By Anatoly Liberman
Squaw. My post on squaw produced some ripples. Three lawyers from Michigan gave me the lashing of their tongue(s). (I am sorry for the parentheses, but I always feel uncomfortable when I have to say something like: “Three people put their foot in their mouth.” Should it be feet and mouths?) Their rejoinder has been caught by other blogs, and several people commented on the exchange. The three wise men of Michigan called me incredibly superficial, downright ethnocentric, and arrogant. Oh, it hurts, it really does. The only comfort is that the overall cosmic balance has been preserved, for they, by contrast, must be incredibly profound, upright, cosmopolitan, and modest. However, since in court we need facts rather than abuse or praise, let us look at the evidence.

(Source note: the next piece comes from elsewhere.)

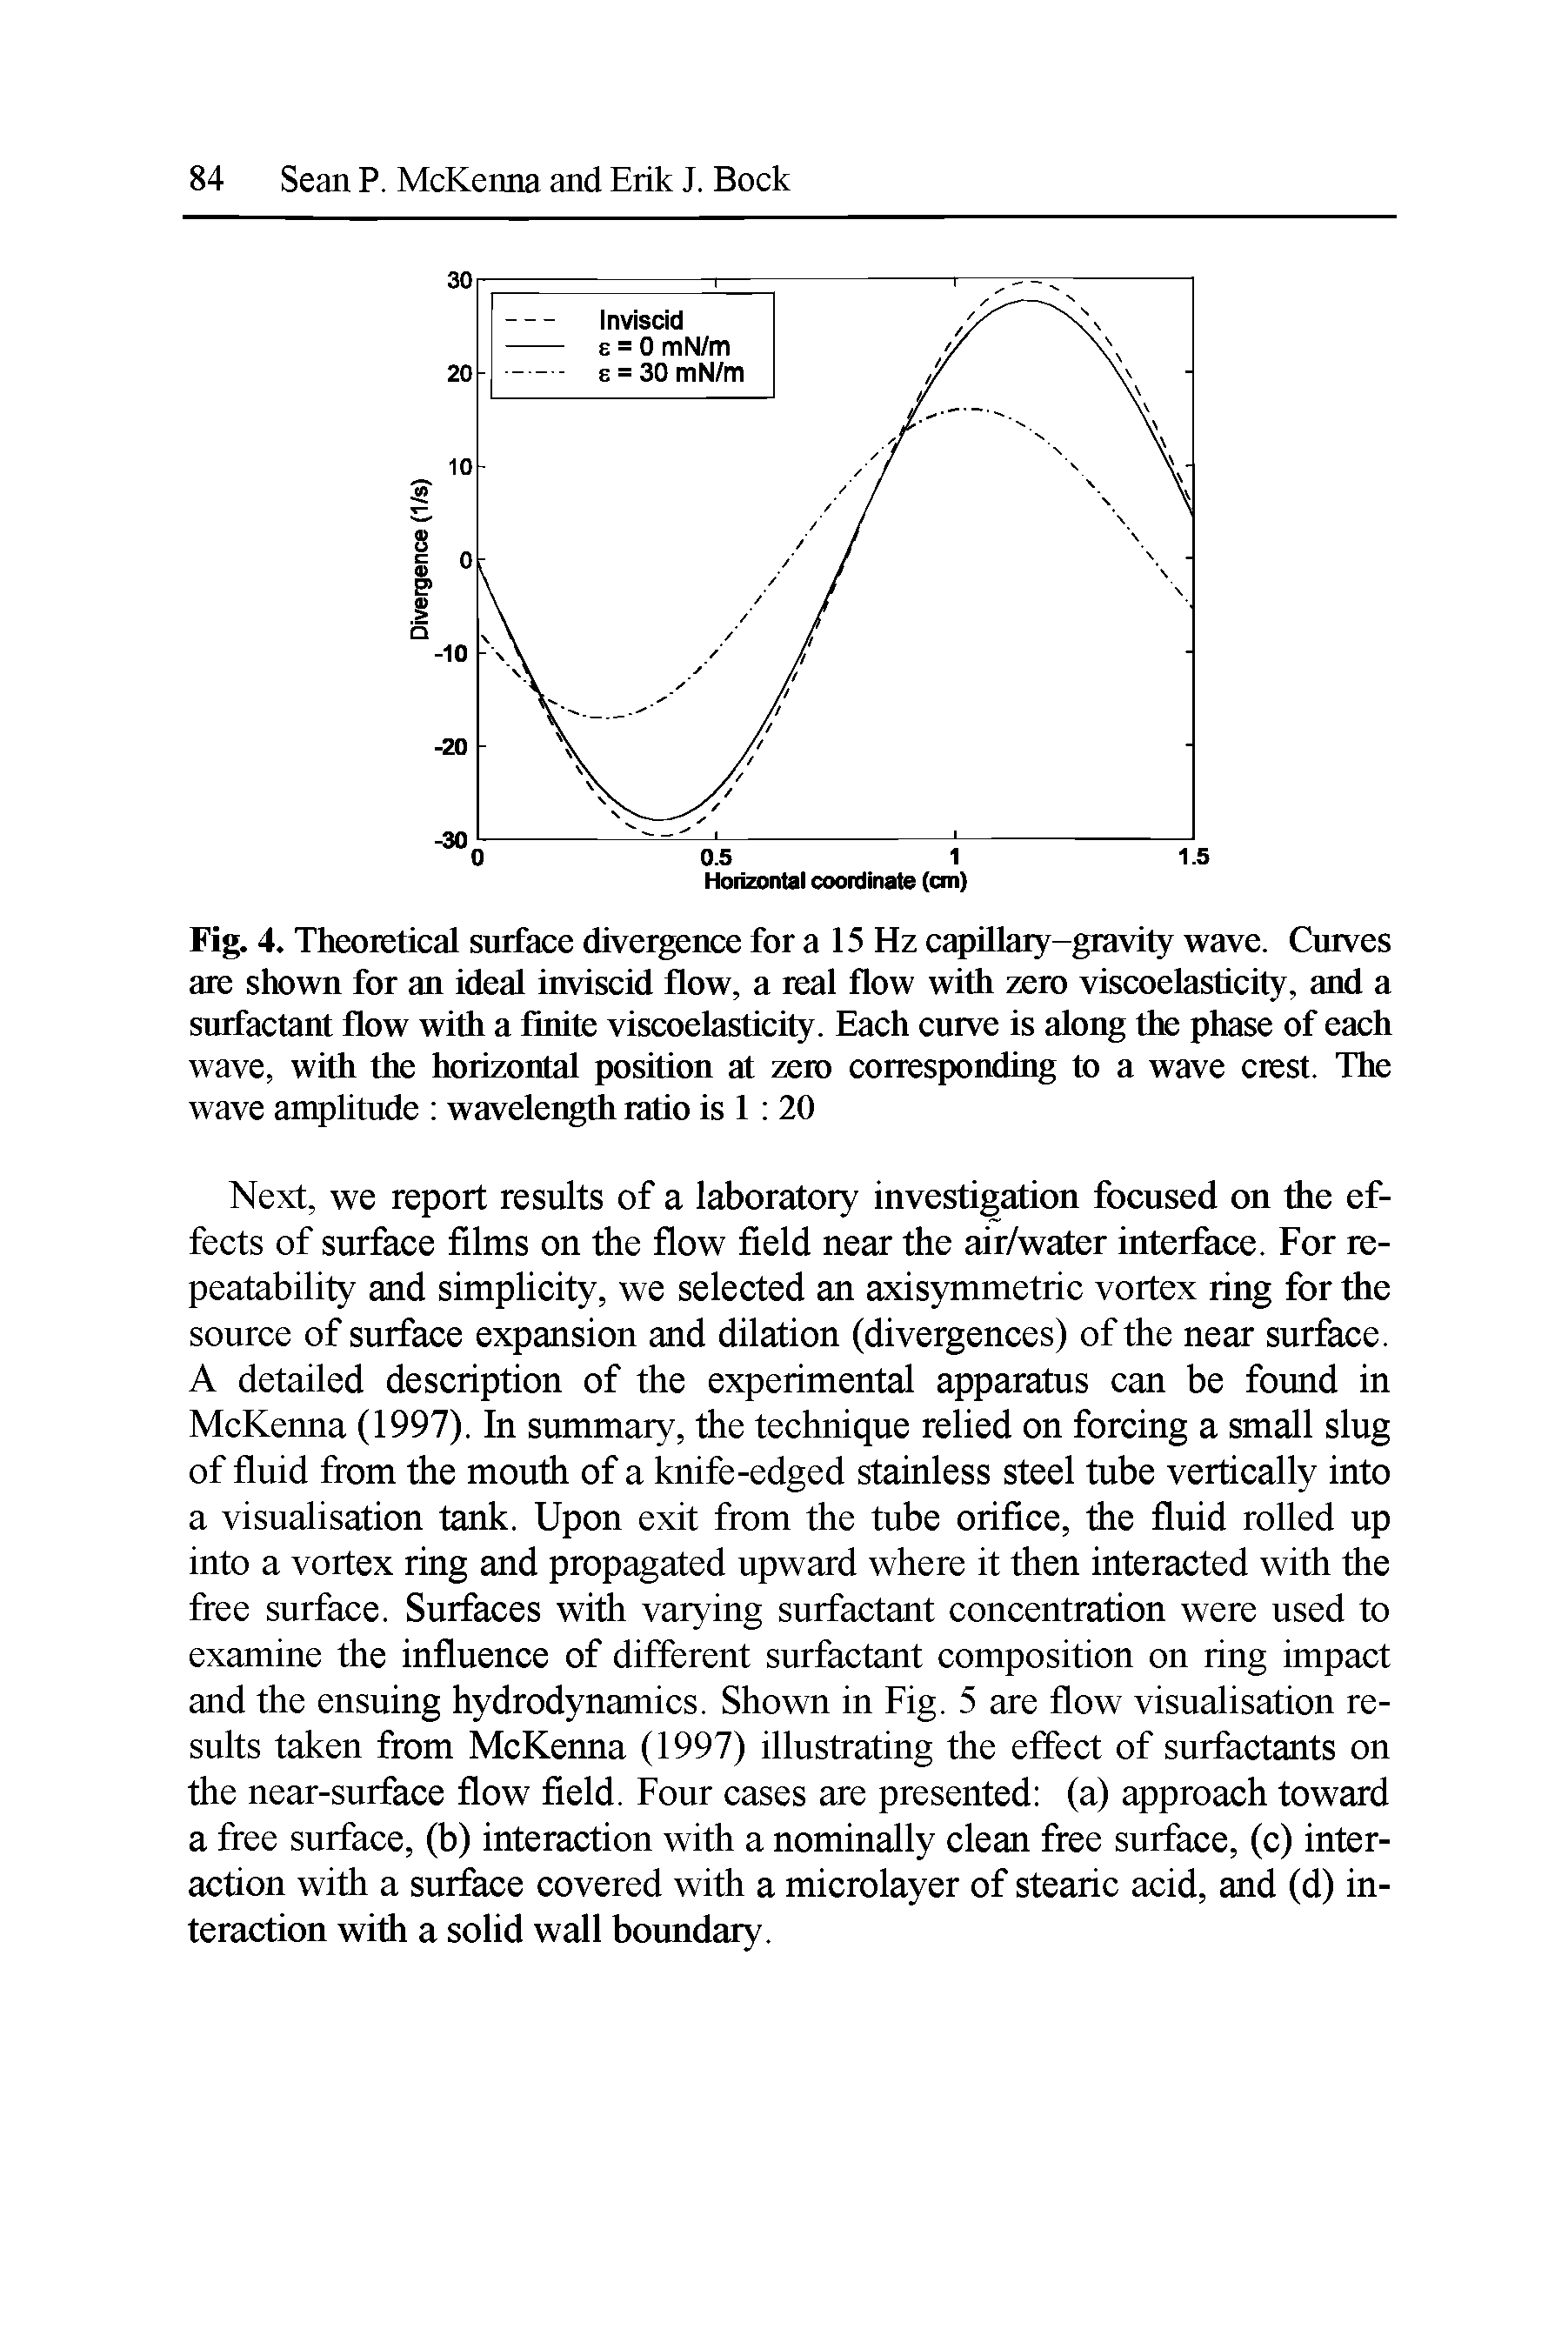 Fig. 4. Theoretical surface divergence for a 15 Hz capillary-gravity wave. Curves are shown for an ideal inviscid flow, a real flow with zero viscoelasticity, and a surfactant flow with a finite viscoelasticity. Each curve is along the phase of each wave, with the horizontal position at zero corresponding to a wave crest. The wave amplitude wavelength ratio is 1 20...

Legal experts should avoid ambiguous formulations; yet the title of the rejoinder is the very model of ambiguity. It is “Oxford Etymologist on the Word ‘Squaw’—Indigenous Etymologist Needed!” What is meant by indigenous etymologist? An etymologist of Native Indian descent? I hope not. My opponents, I am sure, are too broad-minded to believe that only representatives of a certain nationality are able to discuss the history of their language, because the implication would be that, for instance, a historical linguist of Native American descent cannot have an opinion about the origin of an English, Spanish, or Japanese word. This conclusion would be not only downright ethnocentric but even racist. And we know (at least specialists know) that excellent etymological dictionaries of the Romance languages have been written by Germans, that one of the stars of Iranian philology was a Norwegian, and that Finnish and Russian explorers have contributed to the efflorescence of Paleo-Siberian linguistics, to give a few random examples. So I assume that what we supposedly need is a specialist in the indigenous languages of America. We certainly do, and we have many such. Their verdict on squaw is unanimous: this word never meant “vulva” (or worse), the languages being compared to prove the alleged sense do not match, and no speaker of those languages ascribes an obscene meaning to squaw. Thus the title should be dismissed as a regrettable blunder or carefully planned demagoguery. The argument begins with the statement: “We’d like to see an indigenous etymology of this word.” I have no idea what “an indigenous etymology” means. Etymologies, unlike people, do very well without ethnicity.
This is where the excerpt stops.